** Task to complete **
Copy out the listing that follows, exact in every word, and skip the images.

** Raw data **
★ ★ ★ ★ ★

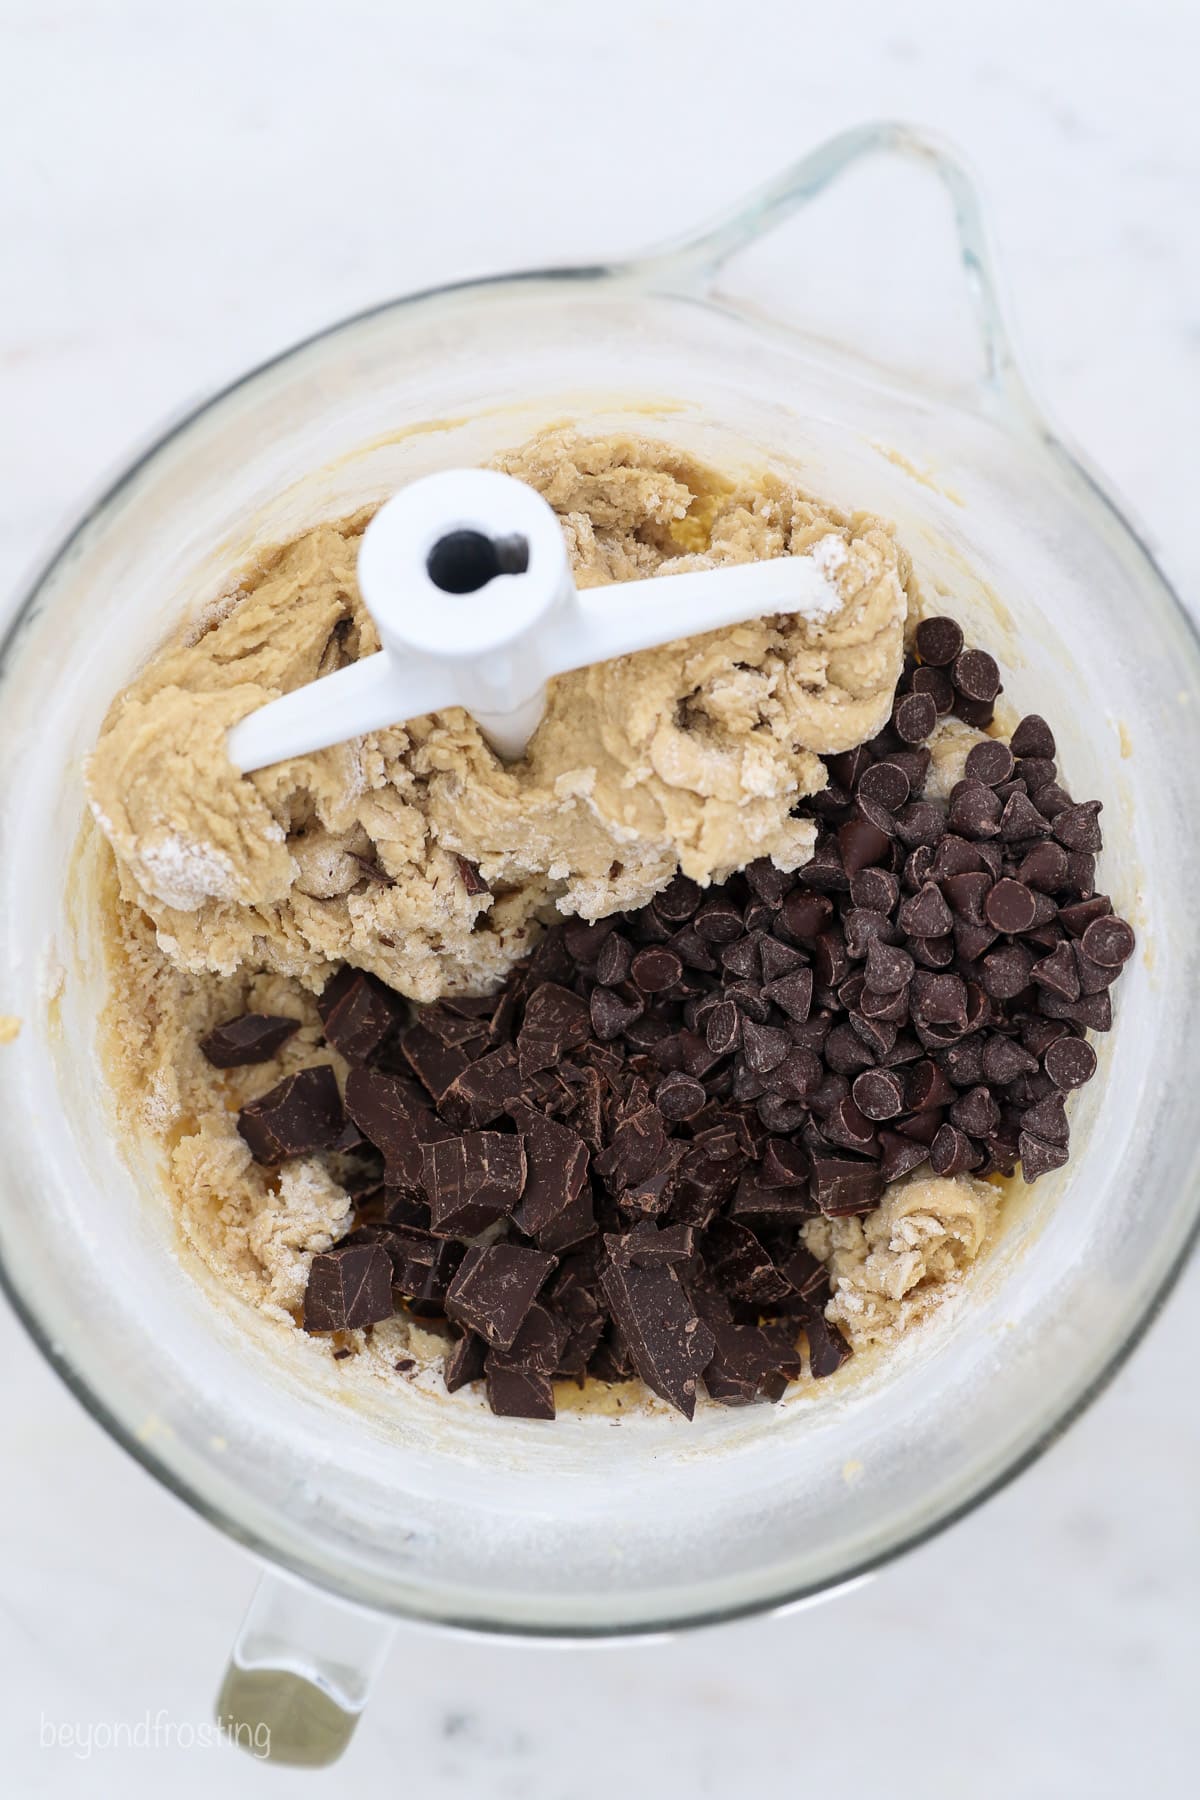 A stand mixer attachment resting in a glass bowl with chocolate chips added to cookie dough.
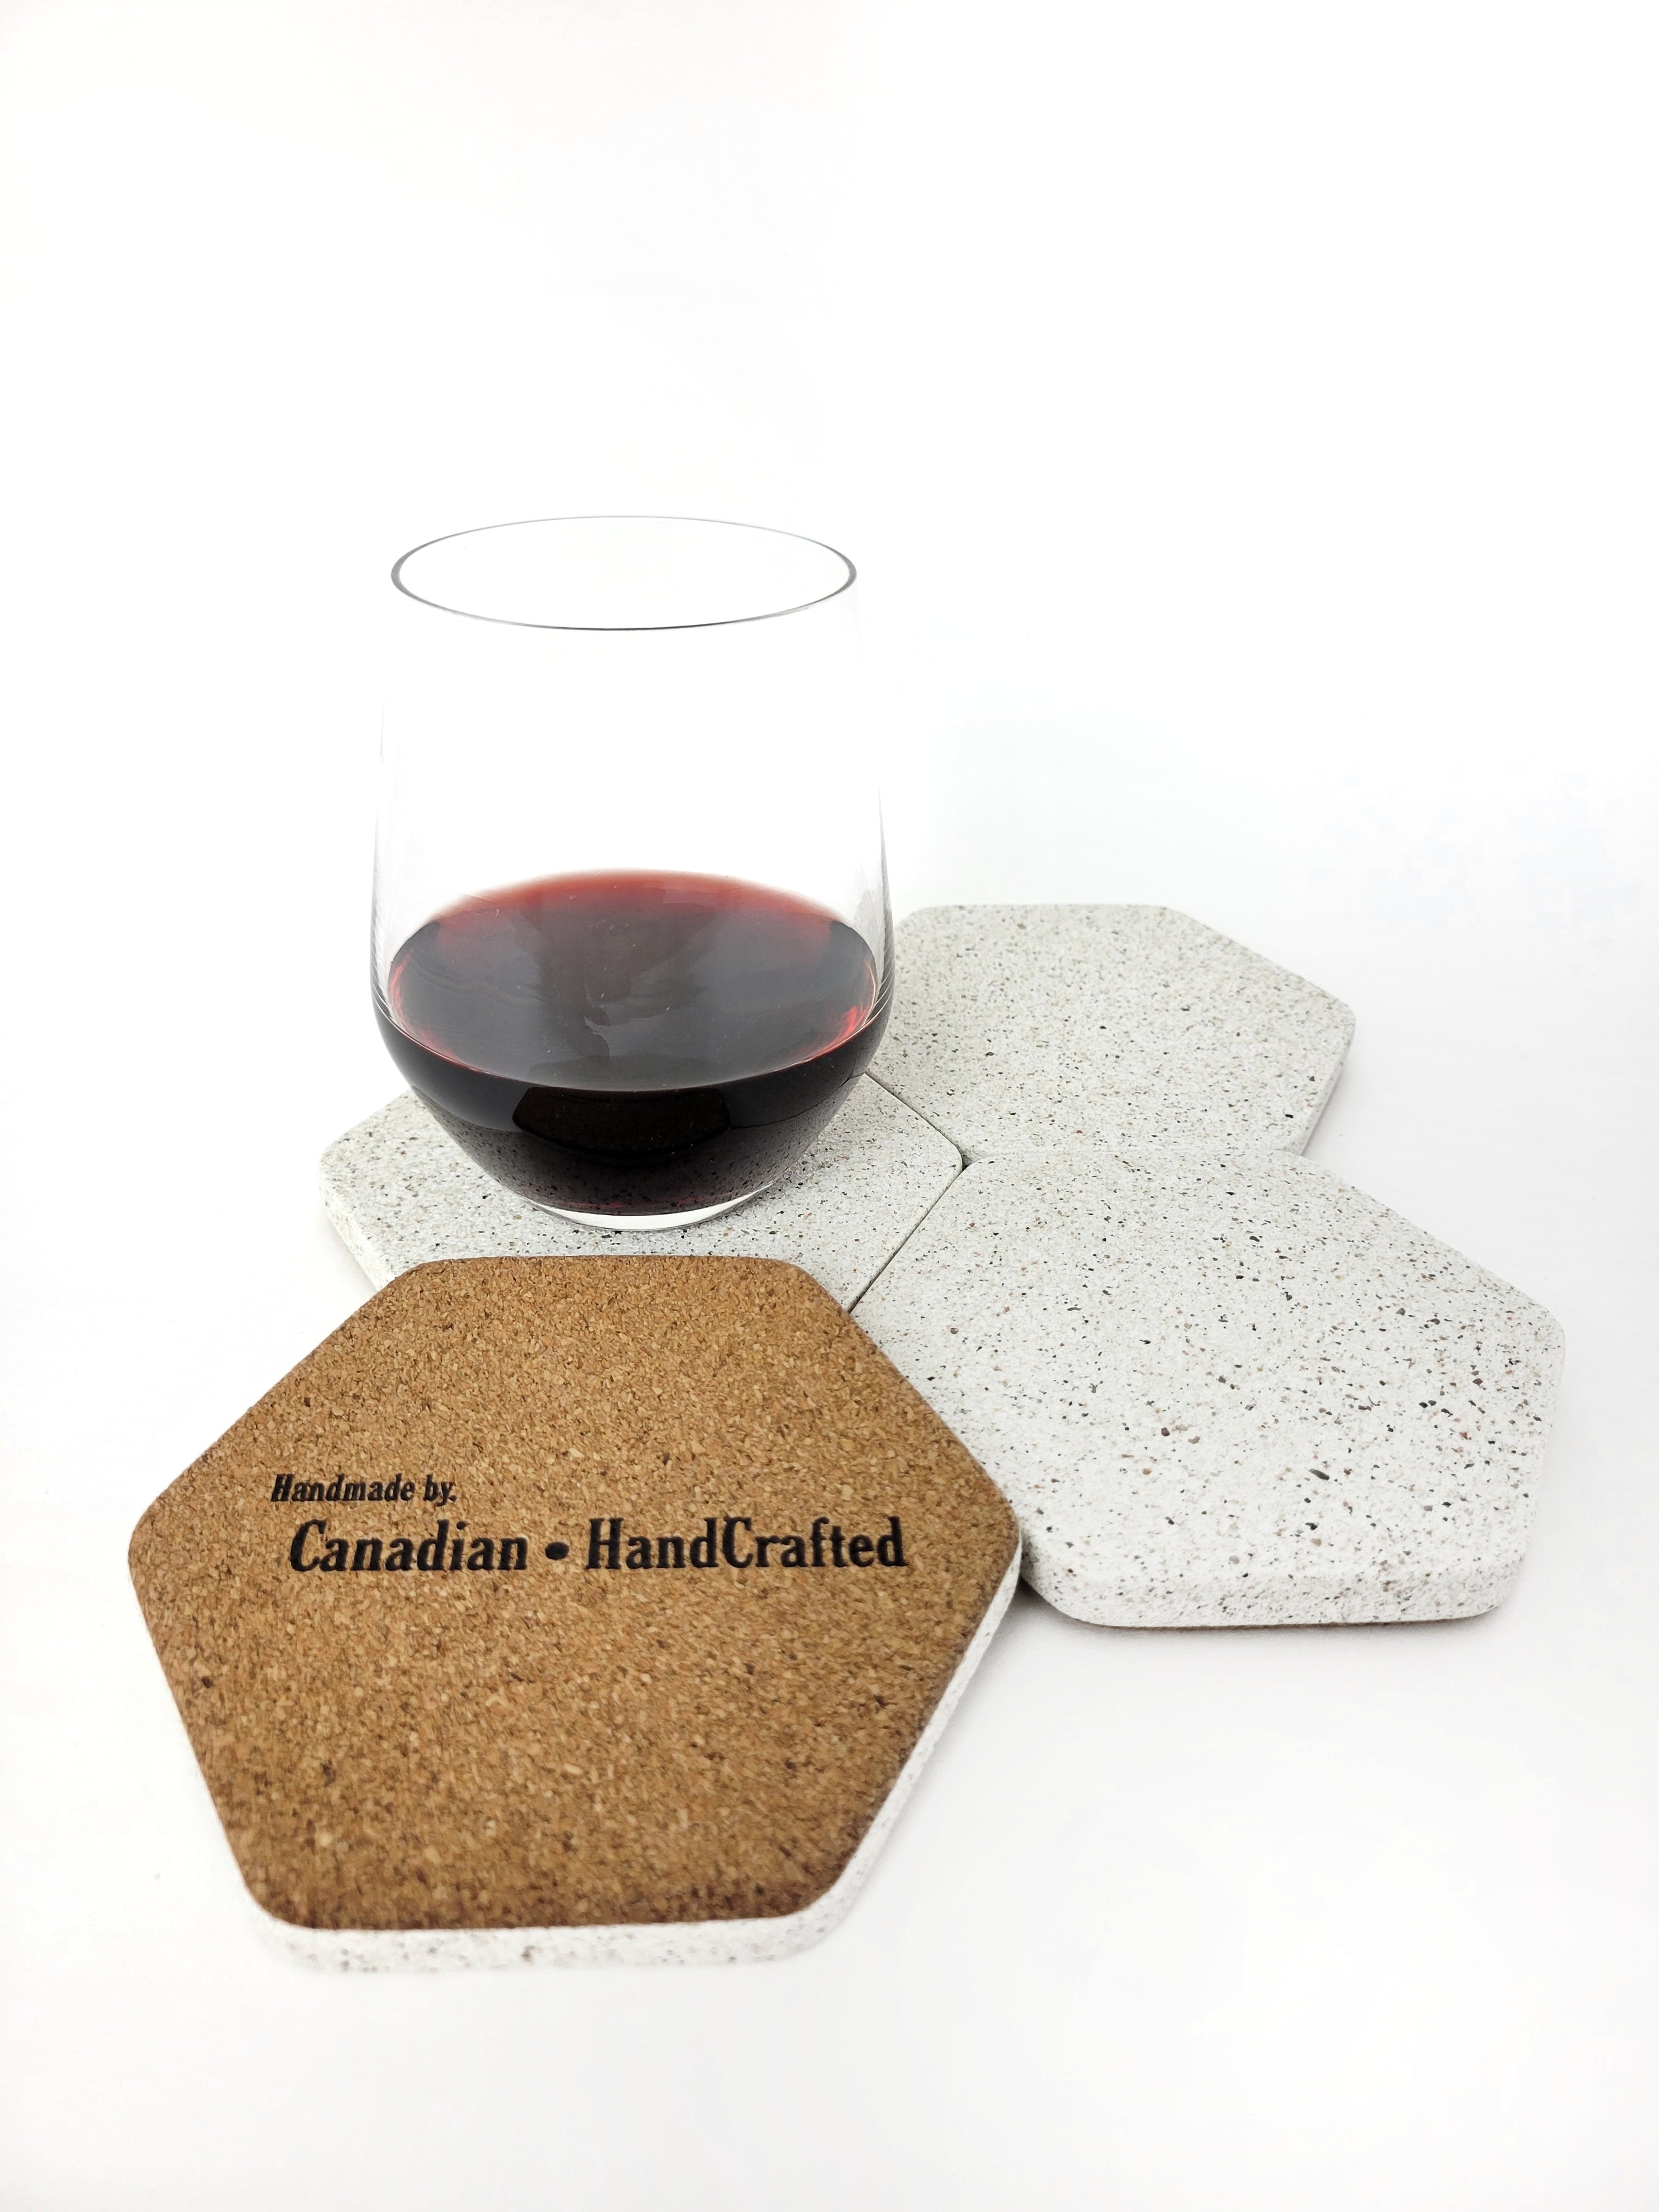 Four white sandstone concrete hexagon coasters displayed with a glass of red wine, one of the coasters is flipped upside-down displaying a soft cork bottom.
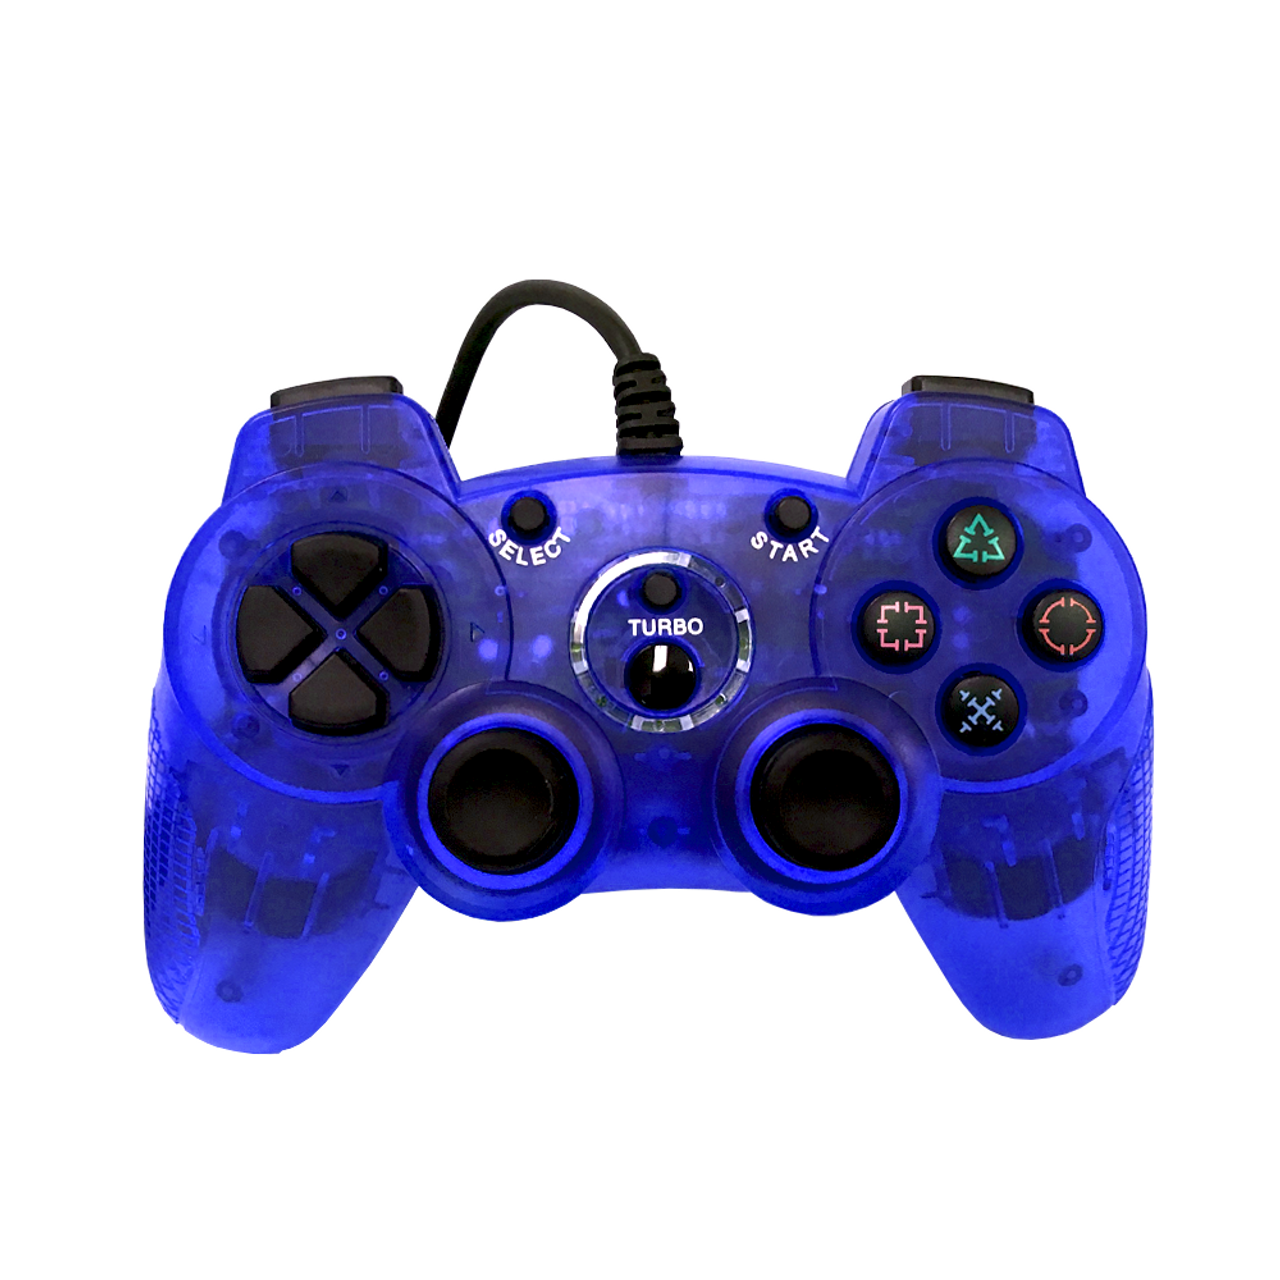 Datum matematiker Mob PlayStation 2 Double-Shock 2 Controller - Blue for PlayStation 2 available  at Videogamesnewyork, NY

★ ★ ★ ★ ★

** Answer below **
 A stand mixer attachment resting in a glass bowl with chocolate chips added to cookie dough.
 Four white sandstone concrete hexagon coasters displayed with a glass of red wine, one of the coasters is flipped upside-down displaying a soft cork bottom.
 Datum matematiker Mob PlayStation 2 Double-Shock 2 Controller - Blue for PlayStation 2 available  at Videogamesnewyork, NY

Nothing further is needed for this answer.